*TASK STATEMENT*. An exact copy of the data is required. No picture may appear in it.

*THE DATA*.
§ §
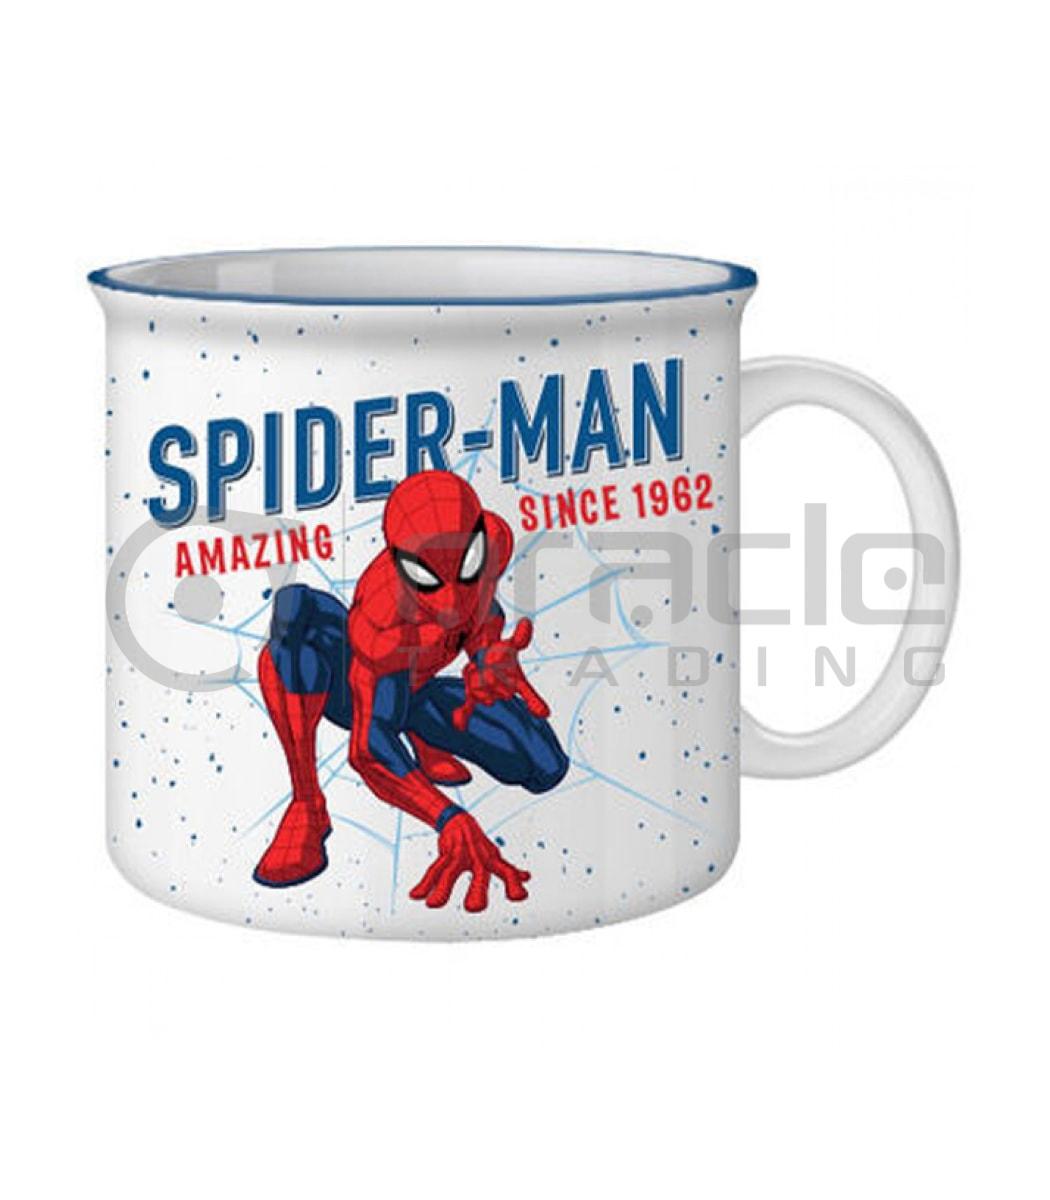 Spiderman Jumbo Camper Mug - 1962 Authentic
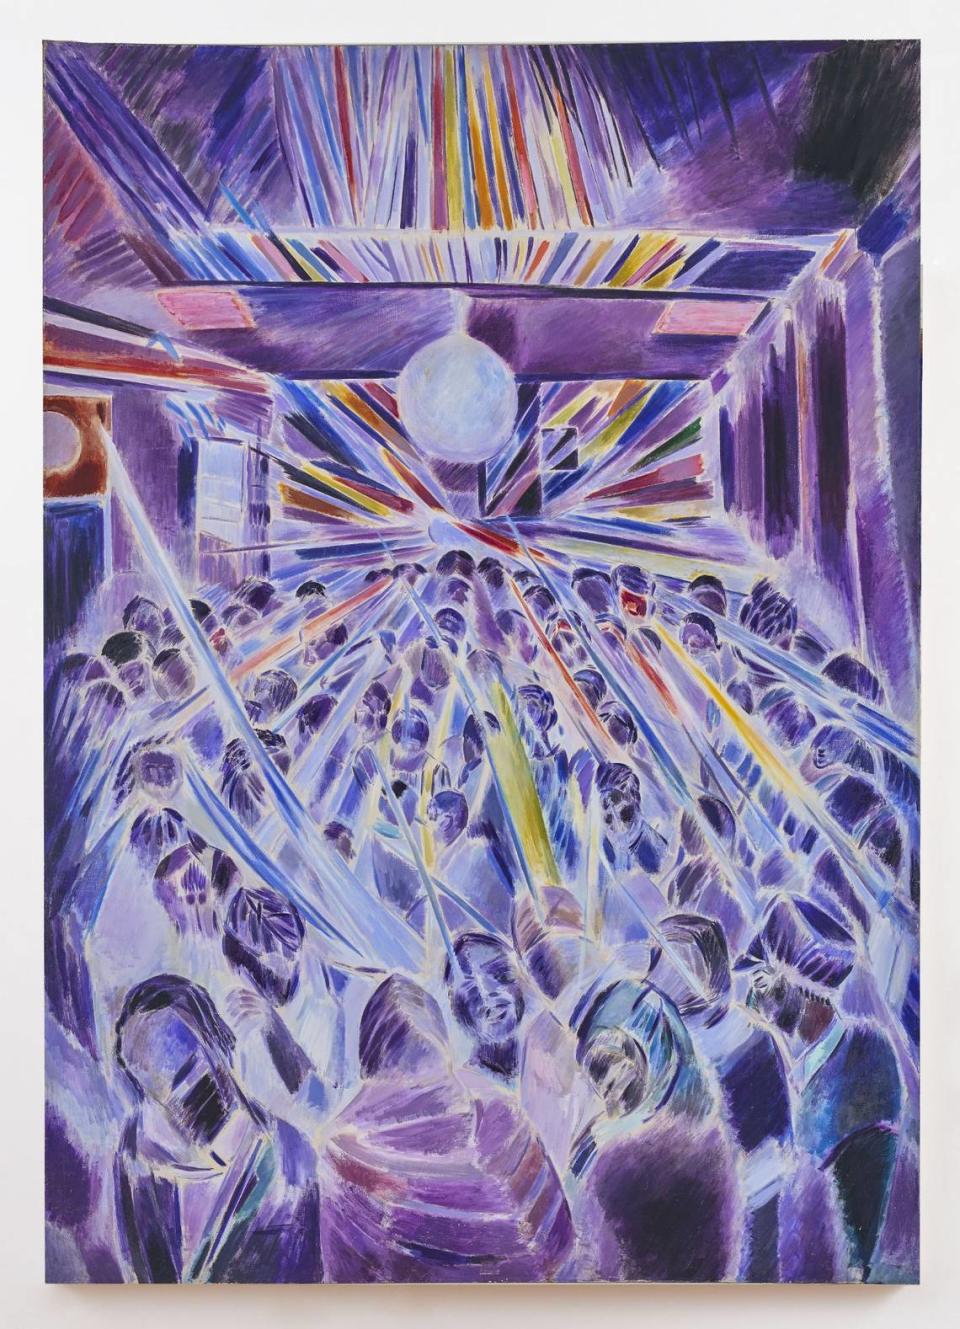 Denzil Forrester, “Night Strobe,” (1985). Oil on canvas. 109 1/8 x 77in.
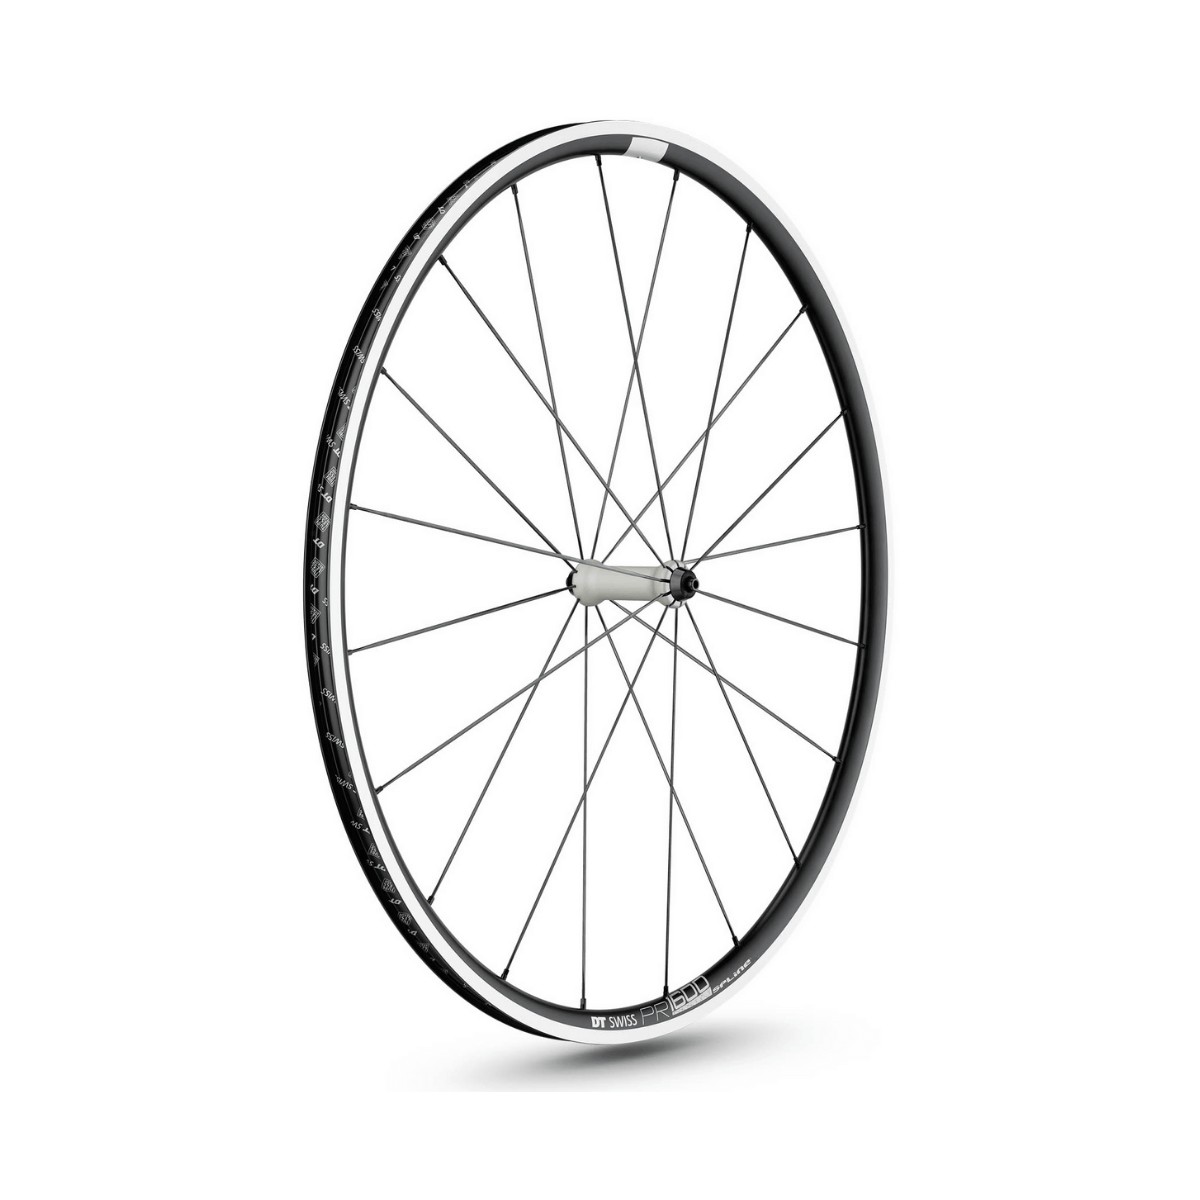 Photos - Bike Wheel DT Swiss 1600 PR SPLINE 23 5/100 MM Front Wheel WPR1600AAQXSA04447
§ §
*ANSWER TO THIS EXERCISE*.
 Spiderman Jumbo Camper Mug - 1962 Authentic
 Denzil Forrester, “Night Strobe,” (1985). Oil on canvas. 109 1/8 x 77in.
 Photos - Bike Wheel DT Swiss 1600 PR SPLINE 23 5/100 MM Front Wheel WPR1600AAQXSA04447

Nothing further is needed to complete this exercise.